Следующим было заявление Павла Иванова… Я перевел взгляд на пачку заявлений, которая была потоньше первой. И на листке, лежавшем сверху, различил подпись «Федотов».
Командир роты в своем заявлении писал:
«Замполиту, а также командиру первого взвода, лейтенанту т. Симакову.
В случае моей смерти прошу положить мое тело в бруствер. Повторяю приказ – стоять насмерть! Назад ни шагу!..»
Я читал эти необычные заявления одно за другим. Разные имена, разные фамилии – русские, казахские, грузинские, украинские, еврейские, латышские… Разные почерки. Разный стиль…
Командир роты был прав: в строю находилось сто одиннадцать бойцов. Из них живых – тридцать девять, мертвых – семьдесят два.
Перед простотой и значением открывшегося прежние подозрения показались ничтожными, жалкими. Мне захотелось выбежать из землянки, разыскать капитана Федотова, пожать ему руку и попросить прощения за мою невольную бестактность, за несправедливые подозрения. Хотелось высказать бойцам этой удивительной роты самые сердечные слова восхищения их мужеством и стойкостью…
Да, как человек я порывался так поступить. Но именно так я поступить и не мог. Я ведь был не просто человеком, не частным лицом. Я был представителем штаба армии. В качестве такового я не имел права ни на один из этих поступков.
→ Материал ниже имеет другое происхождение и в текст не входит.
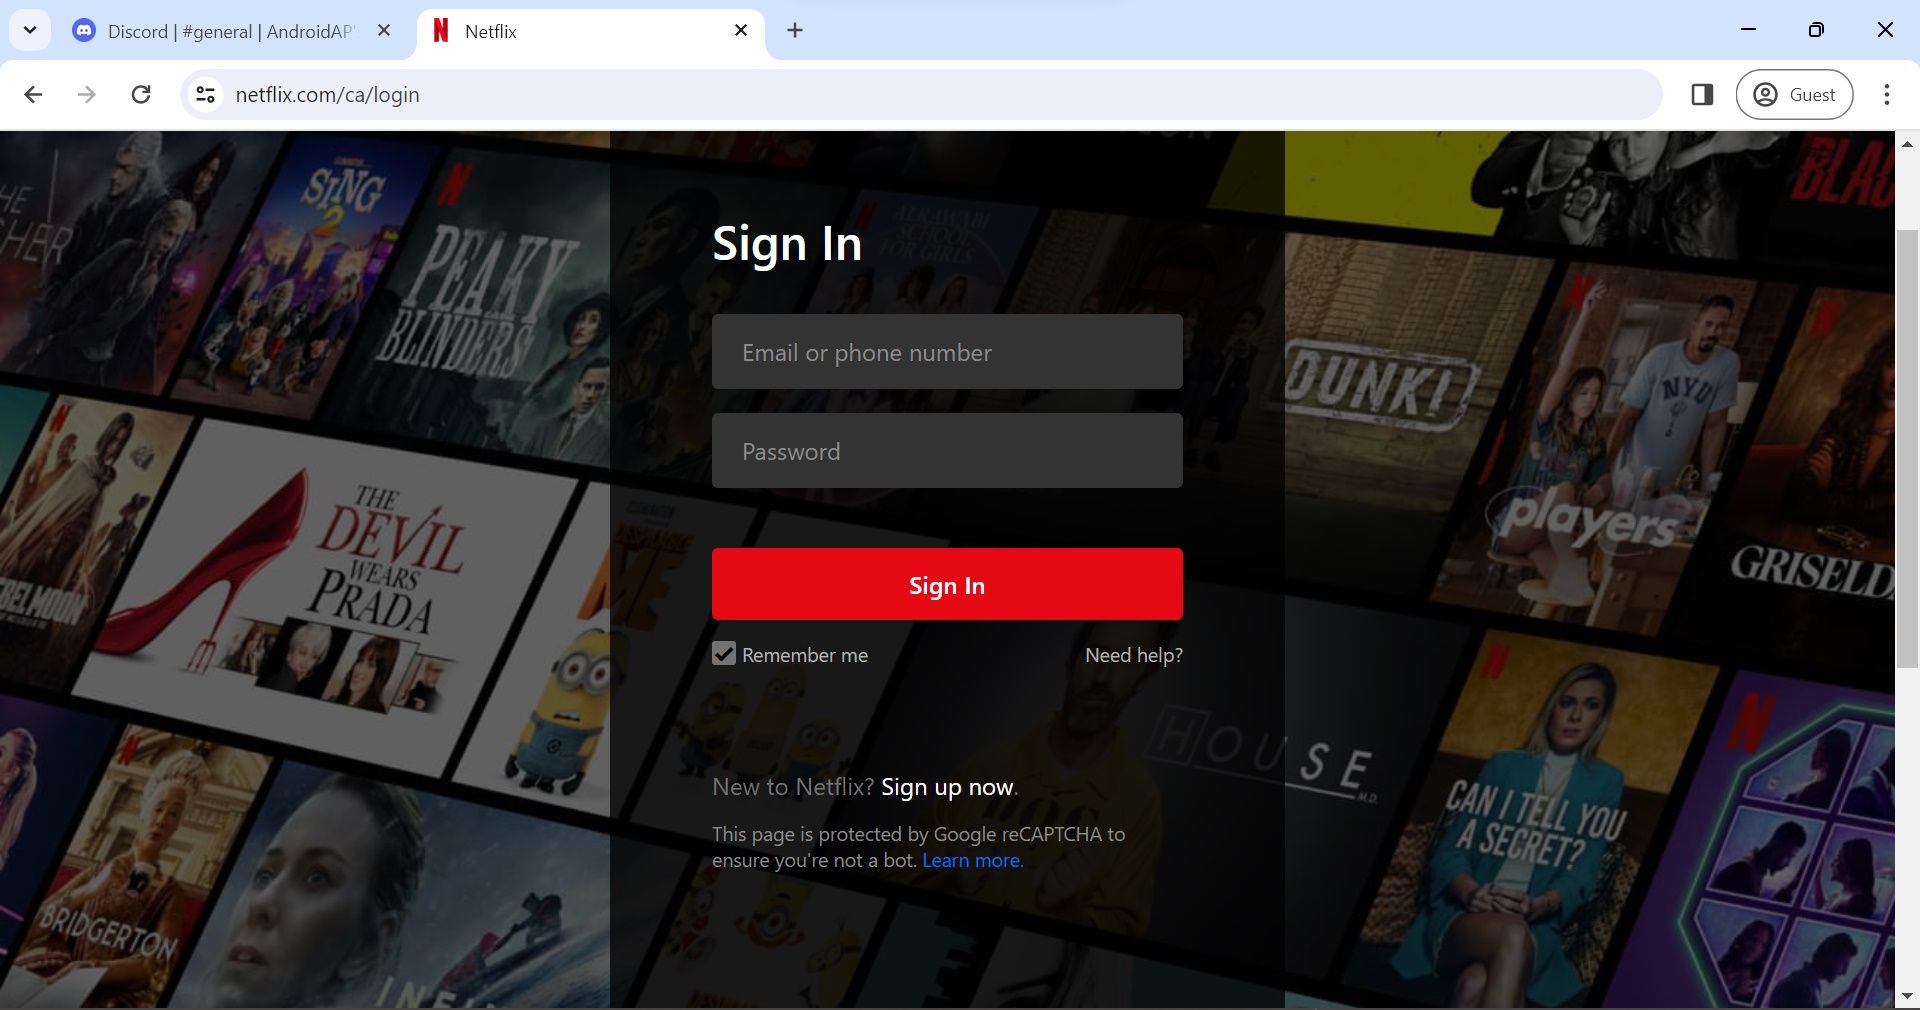 signing into netflix on a second chrome tab with sign in screen

Каждый из них выражал бы одобрительное отношение к тому, что я узнал. Притом не только мое, но и представляемой мною инстанции. Но выражать одобрение или неодобрение командования армии, а тем более командующего фронтом, которому тоже предстояло узнать о происходящем здесь, я, разумеется, не мог.
Единственное, на что я имел бесспорное право, это почтить память погибших. Я встал, склонил голову и тихо проговорил: «Спите спокойно, дорогие мои земляки. Вечная вам память и слава».
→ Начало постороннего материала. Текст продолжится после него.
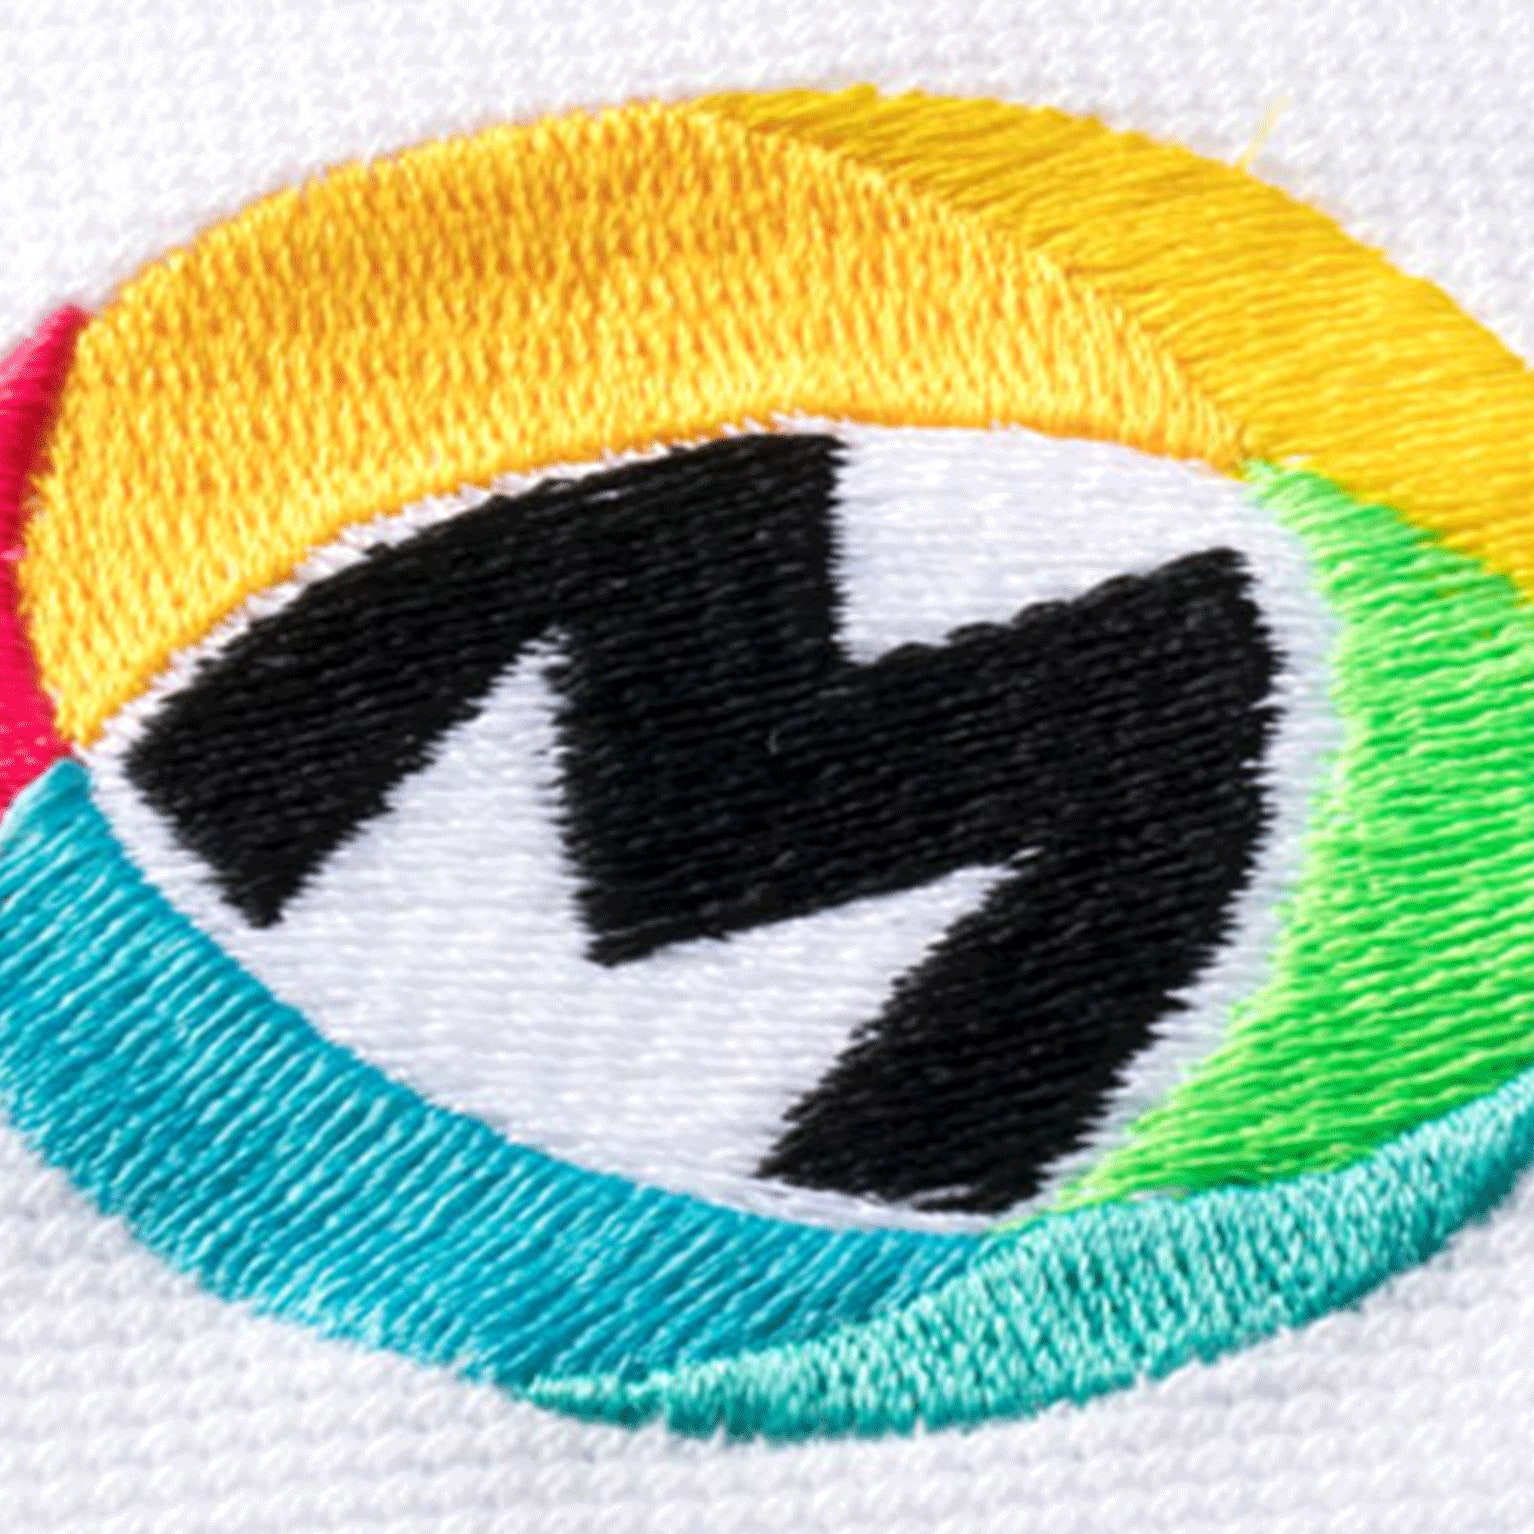 T shirt embroidery

Я почувствовал, что слезы подступили к глазам. Из горла вырвался звук, похожий на всхлип… Надо было тотчас взять себя в руки, успокоиться и приступить к выполнению своих обязанностей.
Прежде всего, я должен был составить объективное и точное донесение обо всем увиденном в роте. Опыт приучил меня не спешить с высказыванием личных впечатлений, возникающих под влиянием эмоций. Выводы должны опираться на трезвый и спокойный анализ фактов.
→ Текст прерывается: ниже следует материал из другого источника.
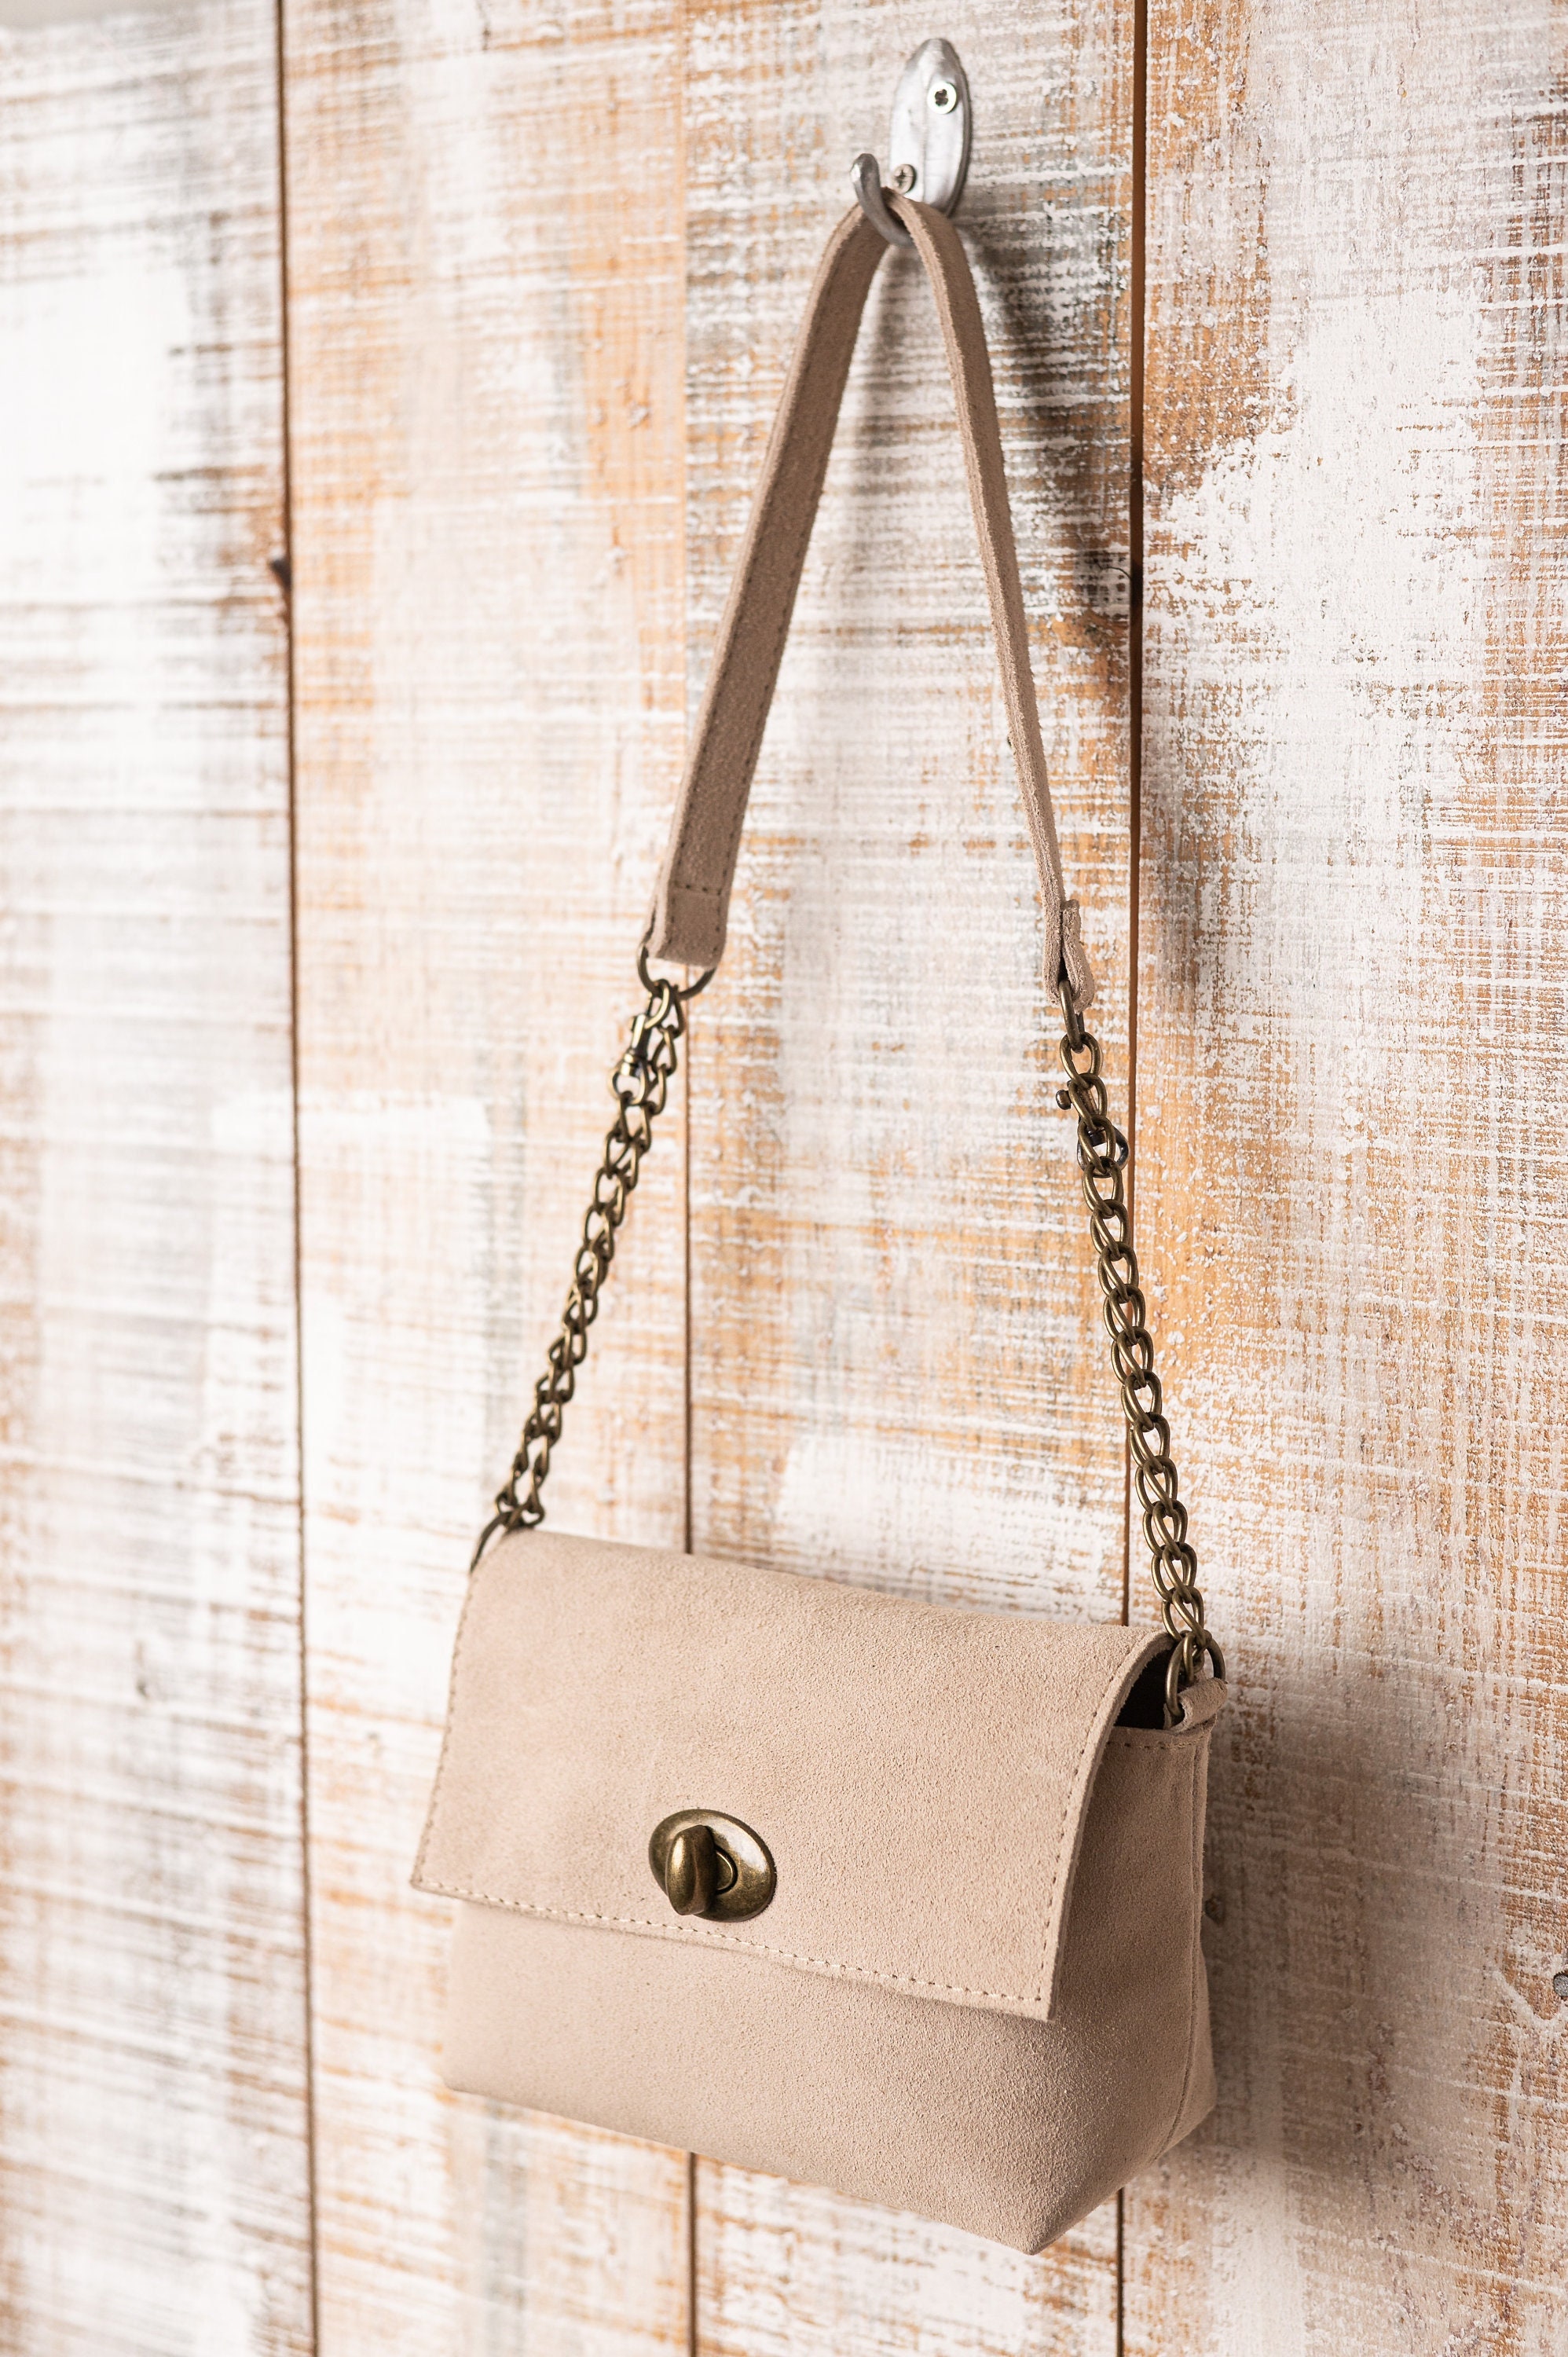 Handmade Silver Leather Bag With the Golden Chain

Данный случай, столь исключительный и не укладывающийся ни в какие привычные рамки, требовал особо тщательного и всестороннего осмысления.
Я не сомневался – убедить командование армии в том, что действия капитана Федотова заслуживают одобрения, будет непросто. Как, например, ответить на вопрос: в чем их военная целесообразность? А как будет выглядеть вся эта история с точки зрения политической?
С этой стороны отнюдь не безразлично – осудить или одобрить то, что здесь произошло. Осудить – значит свести дело к случаю, к сумасбродной выходке одного командира роты. При этом можно не допустить широкой огласки. Одобрить – напротив, означает разделить ответственность за действия Федотова и допустить огласку факта со всеми вытекающими отсюда последствиями.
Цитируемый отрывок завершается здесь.